Amazon.com: Cat Mate Electromagnetic Cat Flap -- that's the one I have... for a small dog you would want this one, however as the one I have wouldn't be any good for anything but a Chihuahua: Amazon.com: Dog Mate Medium Dog Door


----------



## skallal (Aug 25, 2013)

Thanks for the replies!

I looked at magnetic type doors a few years ago, when I first got the Pugs as puppies and had two then 10 year old kitties. A local pet store had a PetSafe model. As I recall, it cautioned against putting the door too close to a large metal object. My current door is next to a dryer. Not sure if that is still a problem with today's models.

I currently have a medium PetSafe door which needs replacing, with or without a magnetic device. (In fact the whole wooden door with the pet door needs replaced. I might do it this week.) That means it will be large enough, in my case, for more than one cat. The flap opening is 8" x 11". Not sure how that converts to metric sizes you are more accustomed too? Also my kitten is a whopping 4 1/2 pounds or roughly 2 kg. He will be 13 weeks old this Thursday! Taking him to my first vet appointment, hopefully today.

My idea of a catio is less a likely option at this time, unless the kitty is likely to foil the magnetic door device. A catio is a lot of work, but something I'd like to try in the future. I also depends on how curious the kittens becomes.

Right now the kitten is in a spare bedroom with multiple plastic gates stacked to the top. My Pugs dogs are friendly to a fault, not a mean bone in them, but they can be very hyper even at 9 years old. So far the kitten hasn't shown any fear when I held him a few inches above the Pugs. But the doggies did bark and act very happy. That is what happens when I spoiled them and never bothered to teach them manners. Now I'll pay the price.

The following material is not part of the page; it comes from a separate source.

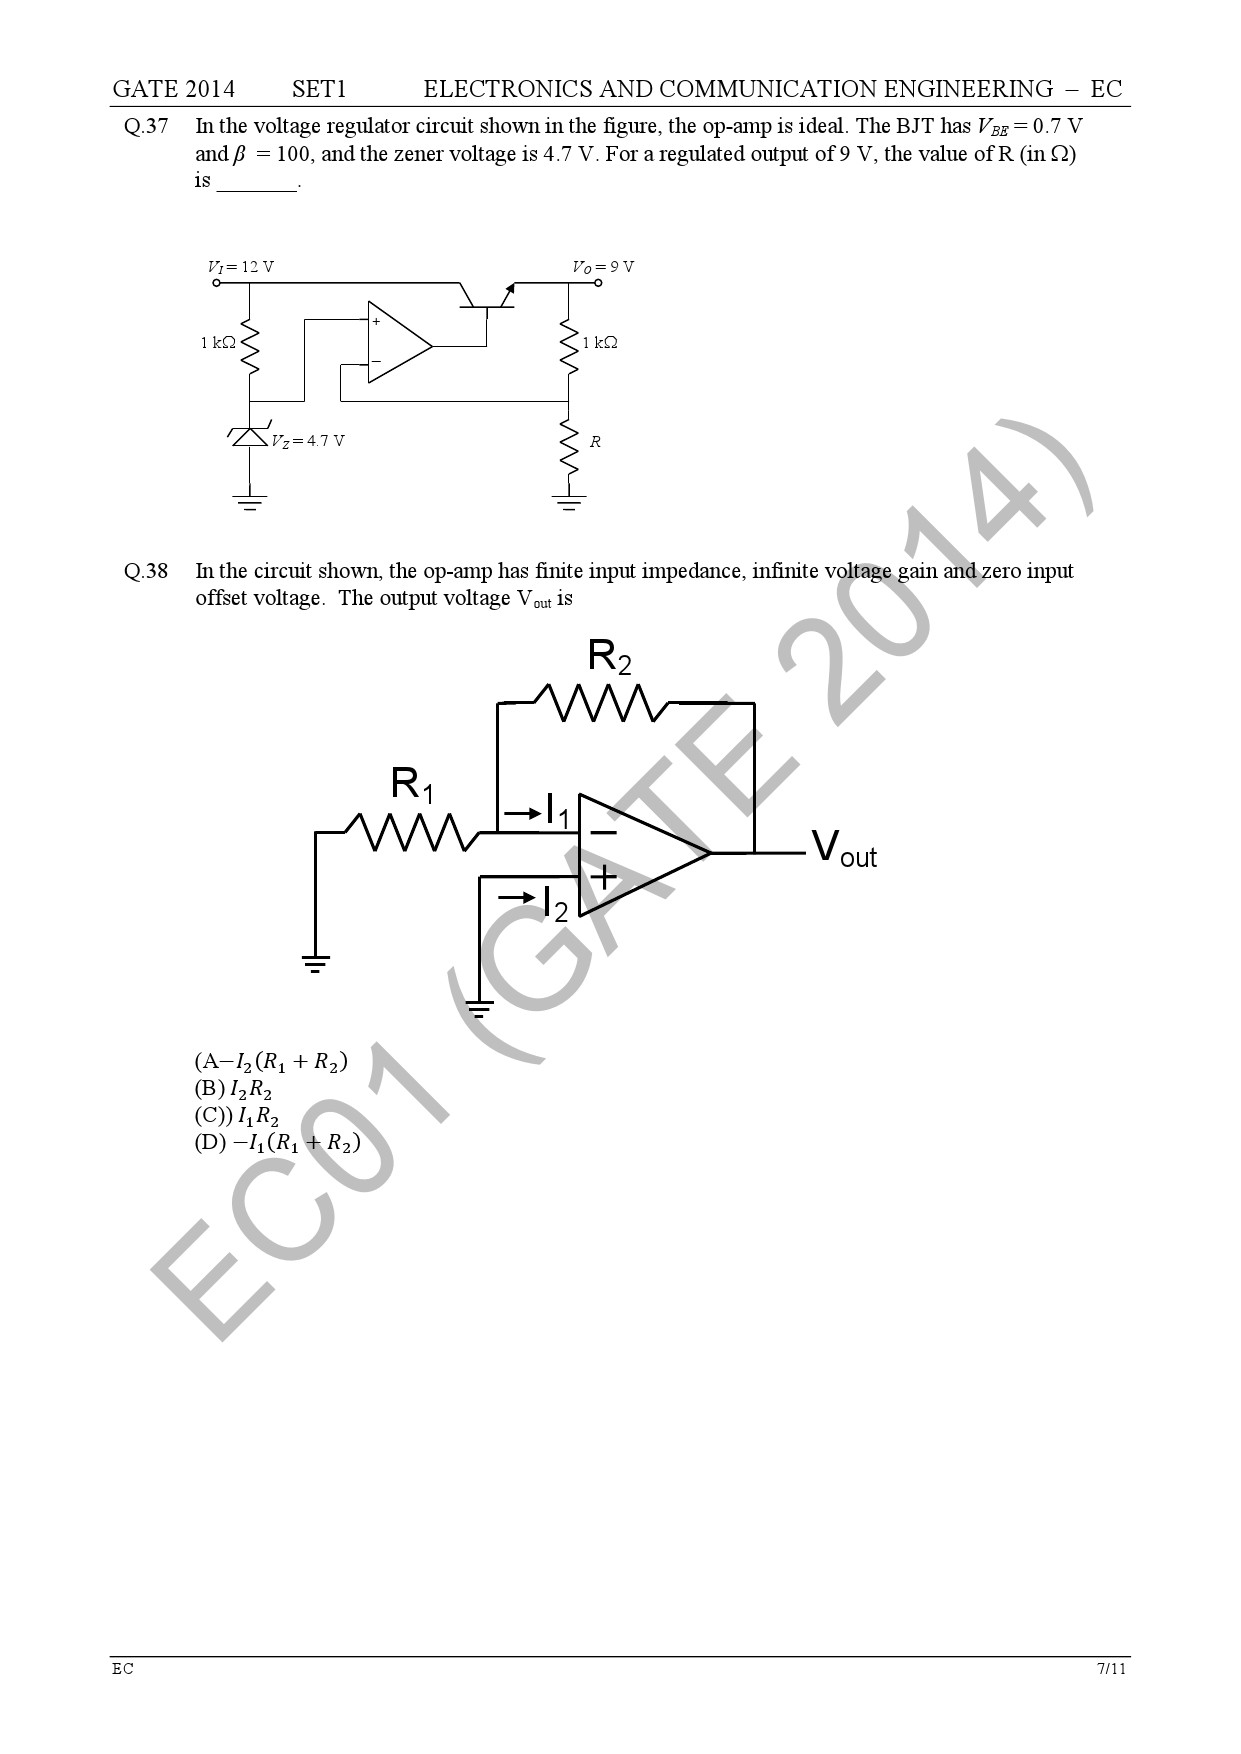 GATE Exam Question Paper 2014 Electronics and Communication Engineering Set 1 13

My hope is the two middled aged Pugs and the new kitten will become the best of friends. But this is all new territory for me. I've done puppies with older established cats. But I've never done kittens with older established dogs. The next few days will be interesting!


----------



## Mitts & Tess (Sep 4, 2004)

My cats can run full bore thru a tiny cat door. this might happen. A cateo / dogeo might be your best solution if your kitty decides to find a way thru the door.


----------



## Kelly524 (Aug 9, 2013)

Luckily, so far at least (knock on wood, fingers crossed!) my kittens are scared of the dog door. We looked into getting one of the magnetic dog doors when we first got the kittens, but some of them are crazy expensive. At this point we've put that on the back burner, and leave the utility room door closed during the day so the kitties won't get any ideas and the dog stays out while we're gone. I guess we will reevaluate once the cats decide to test out that swinging window. But for the time being, if they are anywhere close to it when the dog comes in or goes out, they run and hide. Although I guess if I were a 5 pound cat and a 40 pound beagle came barreling full speed ahead through a tiny opening, I'd run too!

I may have to look into the catio idea. That sounds pretty cool!


----------